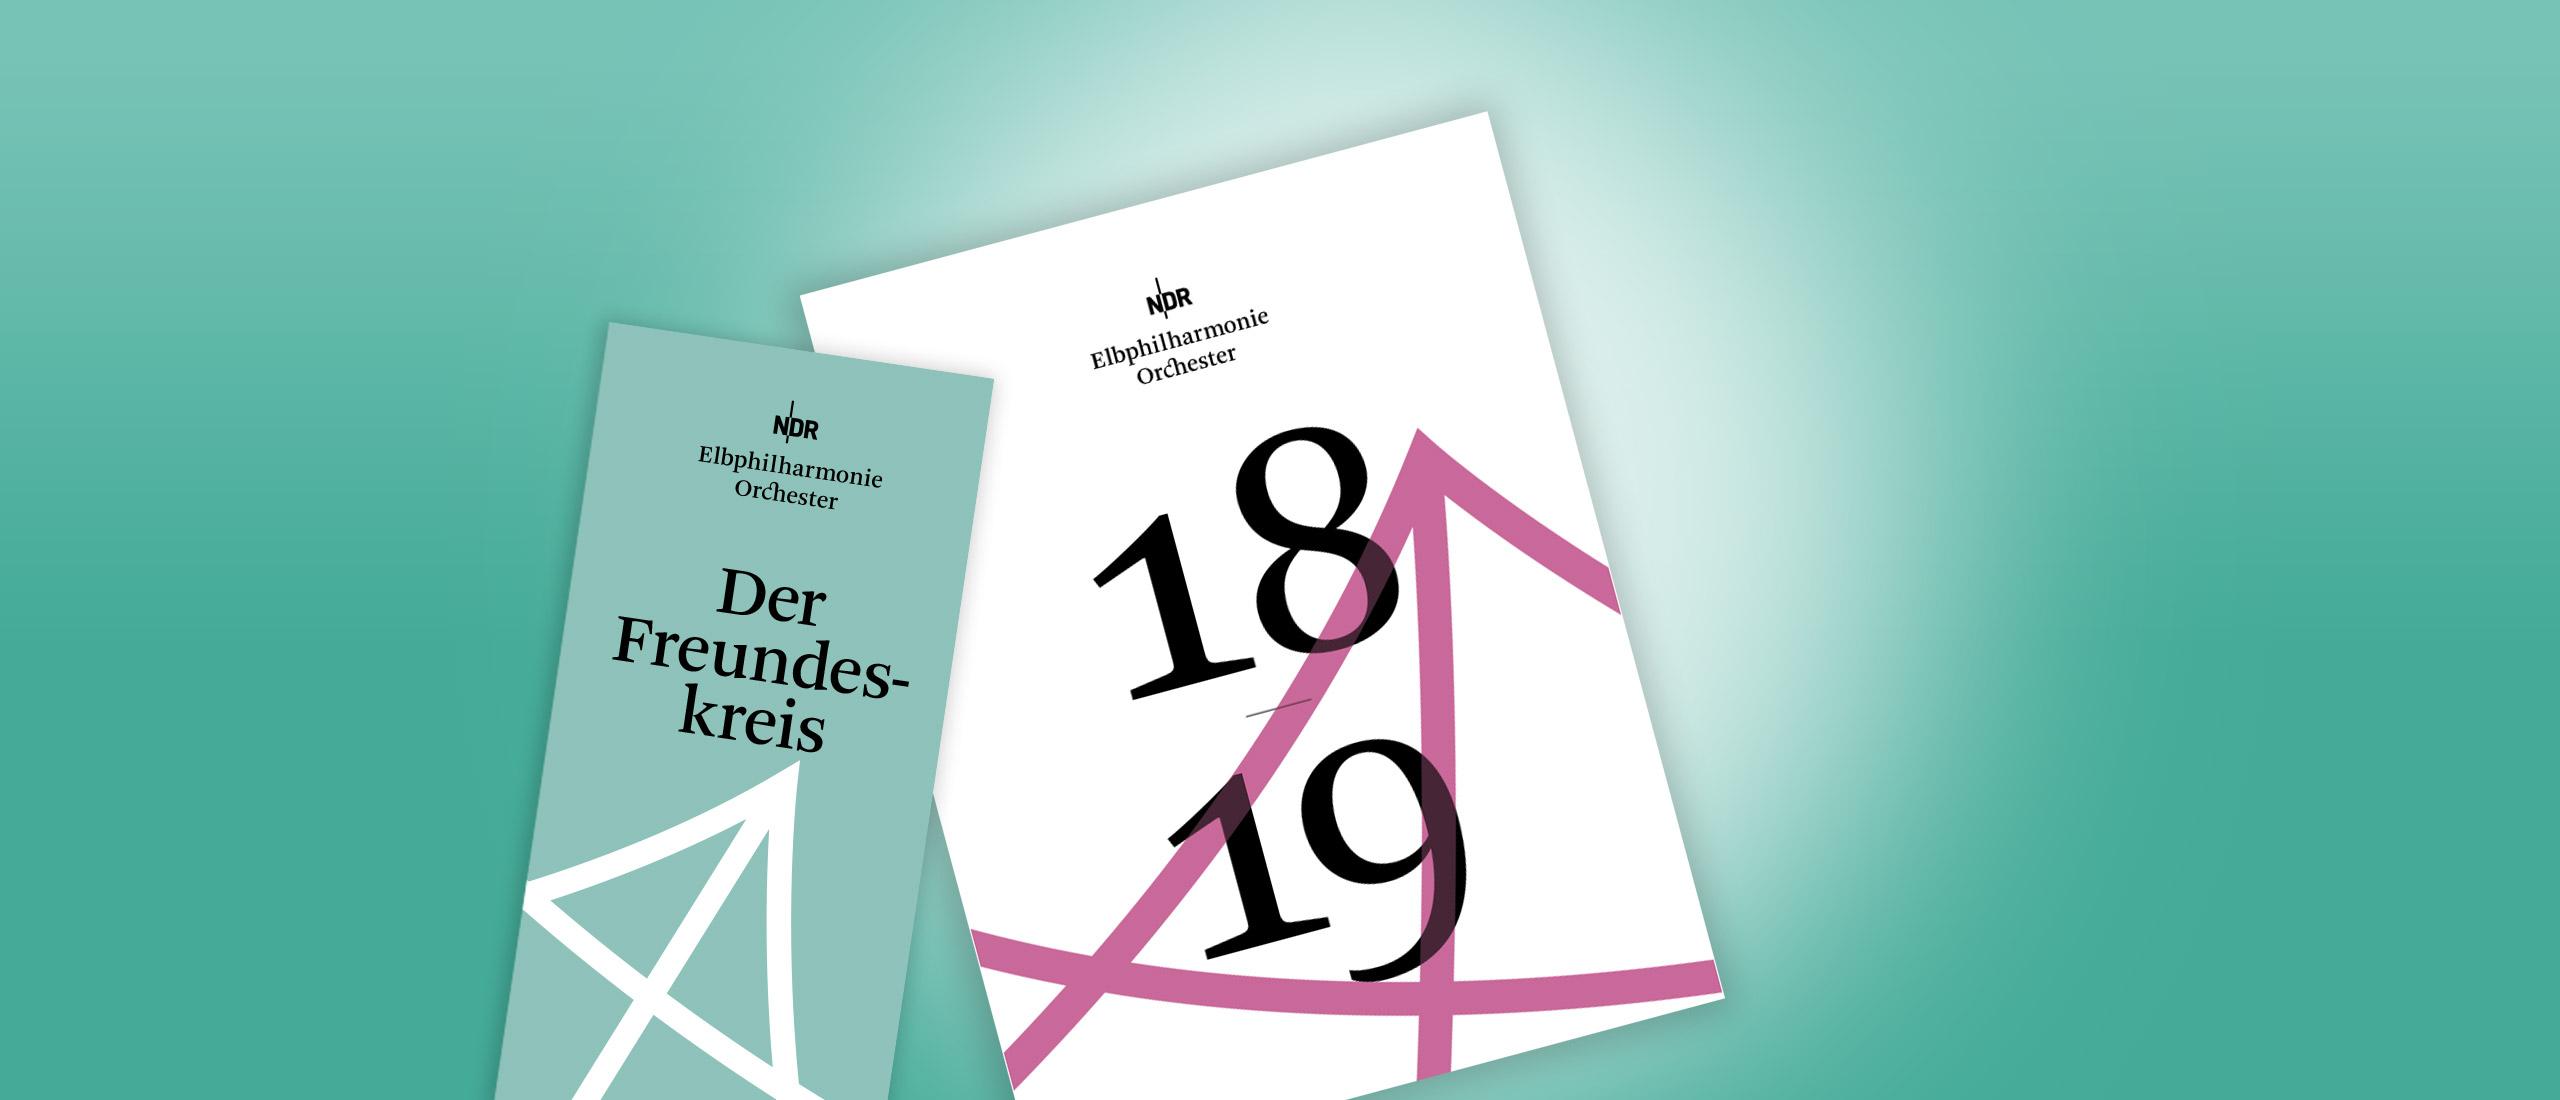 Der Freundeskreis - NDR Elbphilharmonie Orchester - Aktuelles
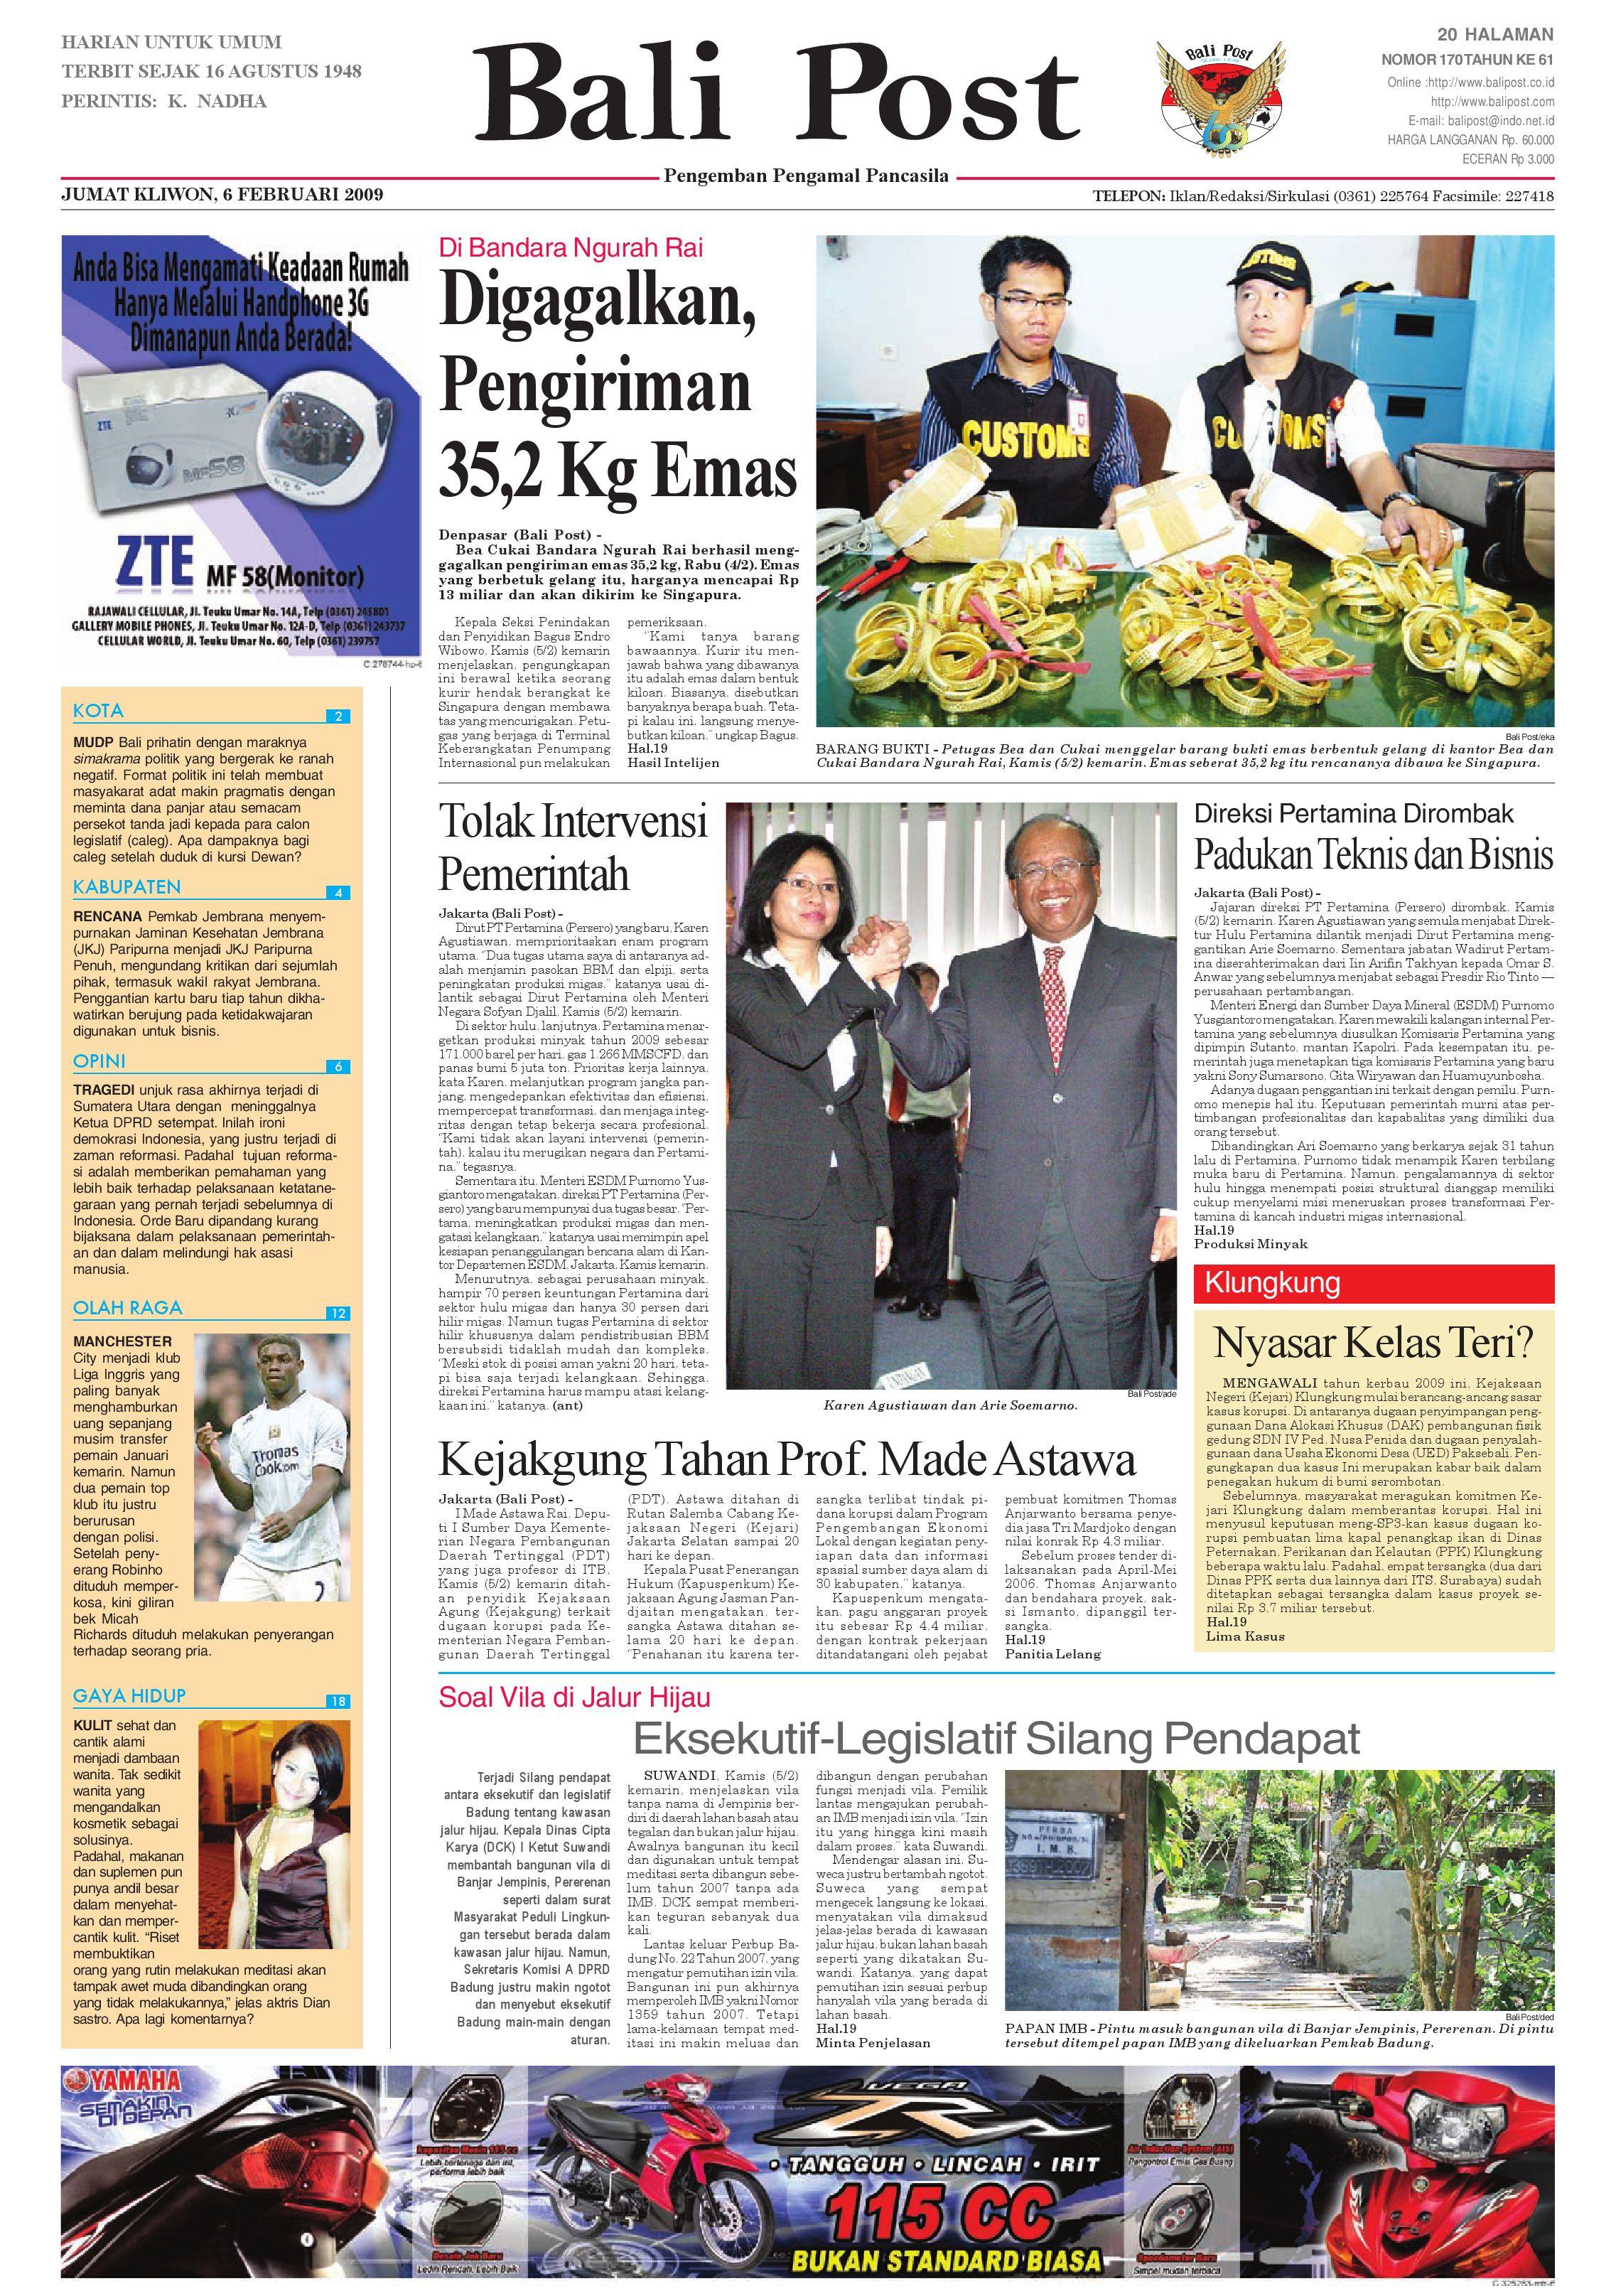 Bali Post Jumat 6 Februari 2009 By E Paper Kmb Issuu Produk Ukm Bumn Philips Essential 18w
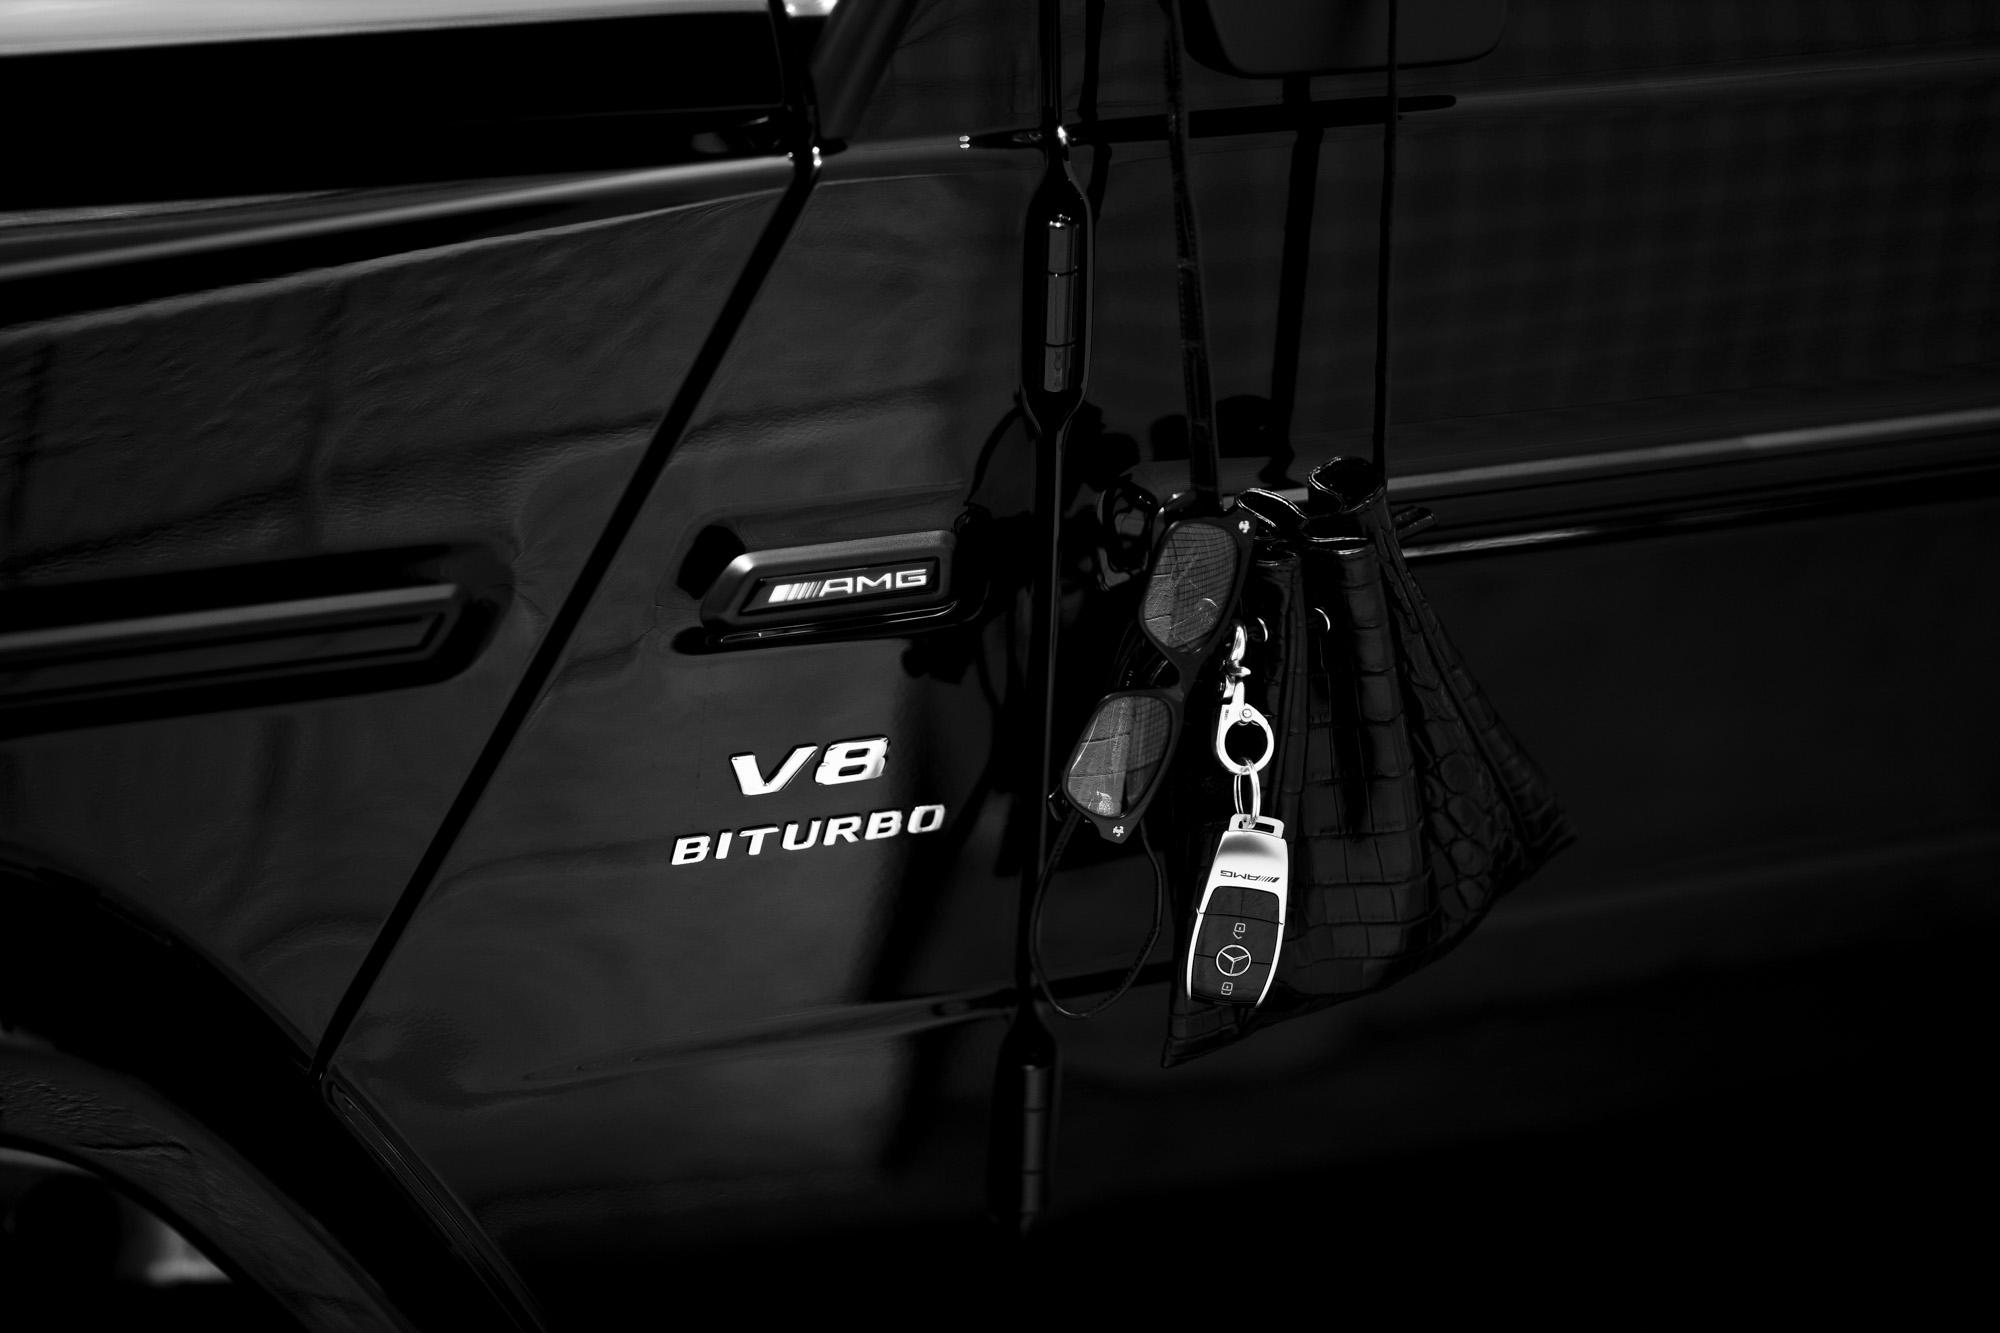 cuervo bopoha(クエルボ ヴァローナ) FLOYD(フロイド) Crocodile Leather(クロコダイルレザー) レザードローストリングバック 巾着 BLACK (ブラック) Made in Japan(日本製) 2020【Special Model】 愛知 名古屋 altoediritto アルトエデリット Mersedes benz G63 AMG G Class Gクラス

::::::::

__WHAT THE TASK REQUIRES__
When a picture appears in the material, please pass over it while retyping the rest exactly.

__EXERCISE RESULT__
 Der Freundeskreis - NDR Elbphilharmonie Orchester - Aktuelles
 Bali Post Jumat 6 Februari 2009 By E Paper Kmb Issuu Produk Ukm Bumn Philips Essential 18w
 cuervo bopoha(クエルボ ヴァローナ) FLOYD(フロイド) Crocodile Leather(クロコダイルレザー) レザードローストリングバック 巾着 BLACK (ブラック) Made in Japan(日本製) 2020【Special Model】 愛知 名古屋 altoediritto アルトエデリット Mersedes benz G63 AMG G Class Gクラス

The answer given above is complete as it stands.